- это PID детского процесса всегда больше, чем PID его родителя на Linux?
Решение @ Herbert, вероятно, самое простое, но вы также можете использовать поисковые запросы:
$ grep -Poz '(?<=:MENU1\n)[^:]*' file
0. public
1. admin
2. webmail
Нет, по той простой причине, что существует максимальное числовое значение, которое может иметь PID. Если процесс имеет самый высокий PID, ни один из его потомков не может иметь более высокий PID. Альтернативой тому, чтобы дать ребенку более низкий PID, было бы полное проваливание fork(), что было бы не очень продуктивно.
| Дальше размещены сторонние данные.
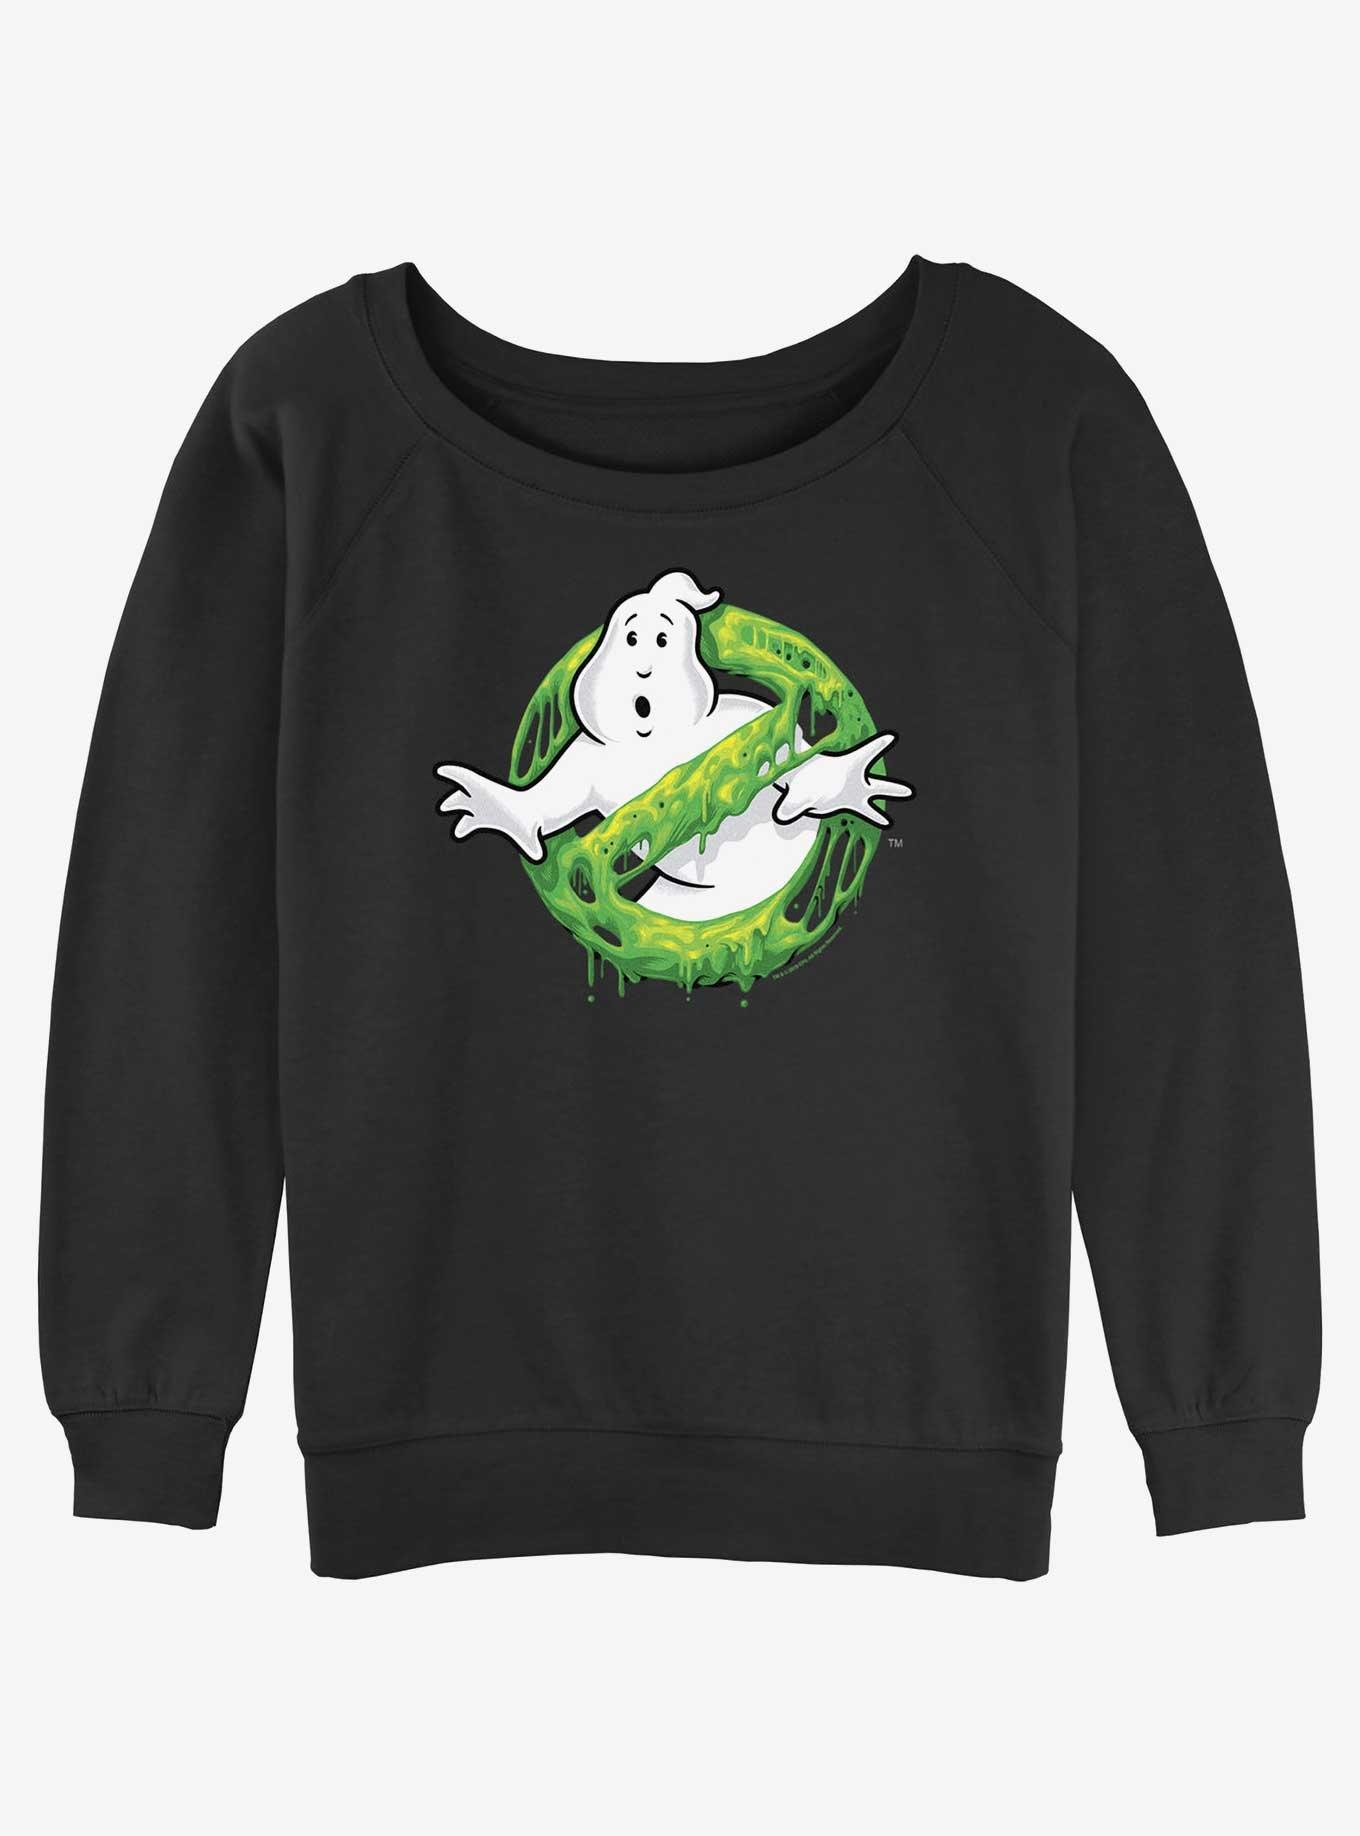 Ghostbusters Green Slime Logo Girls Slouchy Sweatshirt, BLACK, hi-res

Идентификаторы PID распределяются по порядку, и после использования старшего из них система переключается на повторное использование (свободных )младших, так что вы можете получить более низкие PID для дочерних элементов и в других случаях.
Максимальный PID по умолчанию в моей системе(/proc/sys/kernel/pid_max)составляет всего 32768, так что нетрудно достичь условия, при котором происходит циклический переход.
$ echo $$
27468
$ bash -c 'echo $$'
1296
$ bash -c 'echo $$'
1297
Если бы ваша система распределяла идентификаторы PID случайным образом (, как это делает OpenBSD ), а не последовательно (, как в Linux ), было бы два варианта. Либо случайный выбор был сделан по всему пространству возможных PID, и в этом случае было бы очевидно, что PID ребенка может быть ниже, чем PID родителя. Или дочерний PID будет выбран случайным образом из значений, превышающих PID родителя, что в среднем поместит его посередине между PID родителя и максимальным. Затем рекурсивно разветвляющиеся процессы быстро достигнут максимума, и мы окажемся в той же точке, что и упомянутая выше :: новому форку для успеха потребуется использовать более низкий PID.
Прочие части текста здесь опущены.